Chan won the SGTech‐SoC Innovation Prize, which came with a SGD$2,000 cash award, while Wu won the SoC Innovation Prize 2021 Individual Special Merit Award.

The SoC Innovation Prize is awarded each year to students that develop projects with a significant degree of innovation, as well as high potential impact on society.

The submitted projects, which can include projects from the Undergraduate Research Opportunities Programme, as well as capstone and final year projects, are reviewed by a panel from SGTech and the NUS Computing Innovation & Entrepreneurship Committee.

Selected promising projects may receive funding and mentorship under SGTech’s start-up support programme, 123JumpStart.

Detecting phishing sites accurately

Chan won the award for his final year project, titled ‘Identifying Phishing Sites: An Interaction-Based Approach’.

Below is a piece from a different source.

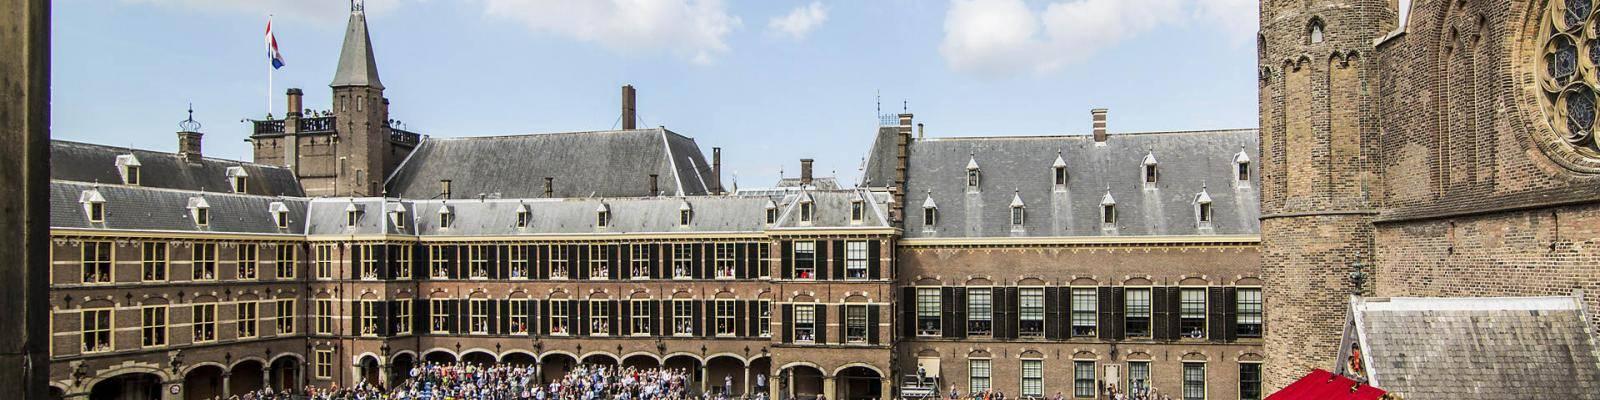 Prinsjesdag Den Haag Binnenhof

The project tackles a problem that plagues most existing phishing detectors – detecting false positives, where a site is falsely identified to be a phishing site.

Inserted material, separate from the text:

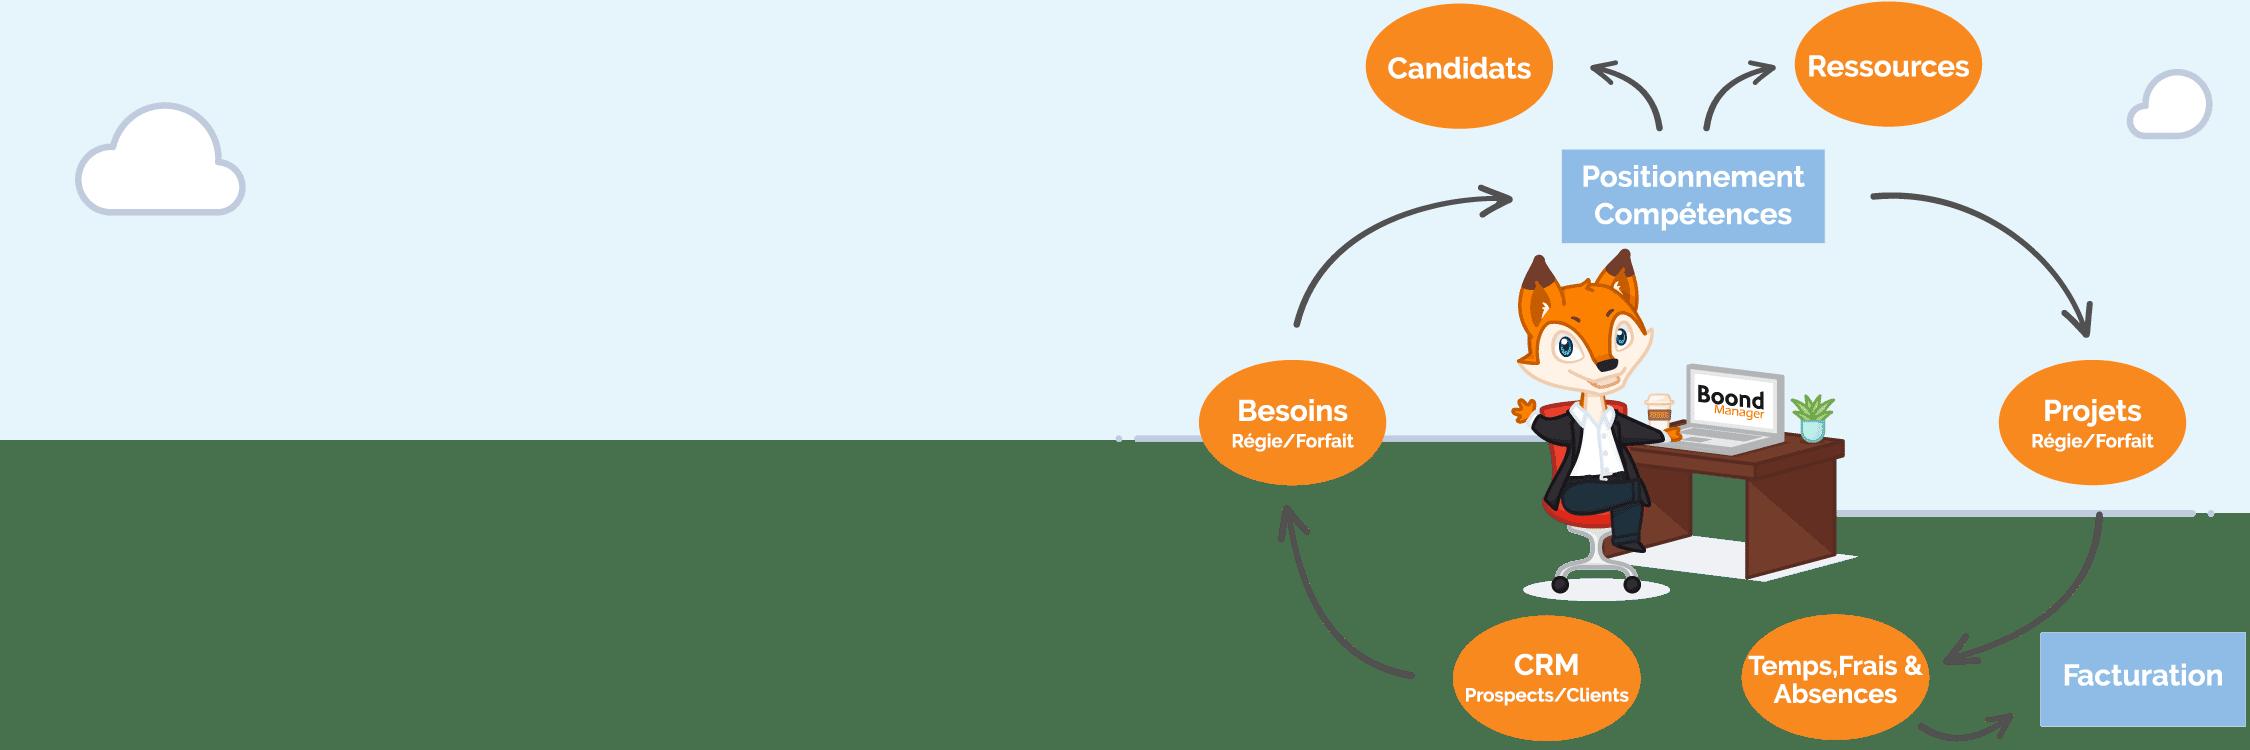 boondmanager-headers-workflow-desk-new

“Most detectors only use static analysis, which compares the appearance of a given website with a legitimate website to determine if it is a phishing site,” said Chan, “but this is not so accurate as there are many websites, such as backend sites or test servers, which look like a legitimate site, but are not phishing.”

To combat this, he developed a model that uses a combination of static and behavioural analysis. It works by interacting with a suspected site to detect whether it is attempting to steal the user’s personal information and credentials.

The model interacts with the site by identifying various user interaction elements using computer vision. This solves some of the challenges involved with automated generalised web testing, such as the lack of homogeneity across websites.

“Most current automated web testing tools are designed for users that would like to code test cases for their own site, and not for generalised web testing. At the same time, a large number of different languages can be used to make a website, make it difficult to developed a generalized approach to web testing,” said Chan.

“This new model is able to identify the intentions of a site, and provide an explanation to users as to why it believes a particular site is phishing. It’s a simple but robust solution to this pressing problem,” he added.

A website which helps users create their own data visualisations

Similar to Chan, Wu won the award for his final year project, titled ‘Data Terrain: A Platform for Visualisations’.

Supervised by Senior Lecturer Bimlesh Wadhwa, he created Data Terrain, a data visualisation editing tool that can run within a web browser.

“This allows users to create their own visualisations without the need to install any special software or platform,” said Wu, “they can also plug into a community of other users, which allows them to build on the contributions of others to make their own unique creations.”

The platform contains data management, statistics, and information visualisation features, and can can plug into the DataViz platform as an online data repository.

“Data visualisation and analytics is a growing and relevant field, especially in recent times, and I believe that this contributes to Data Terrain’s relevance to consumers and businesses alike,” said Wu.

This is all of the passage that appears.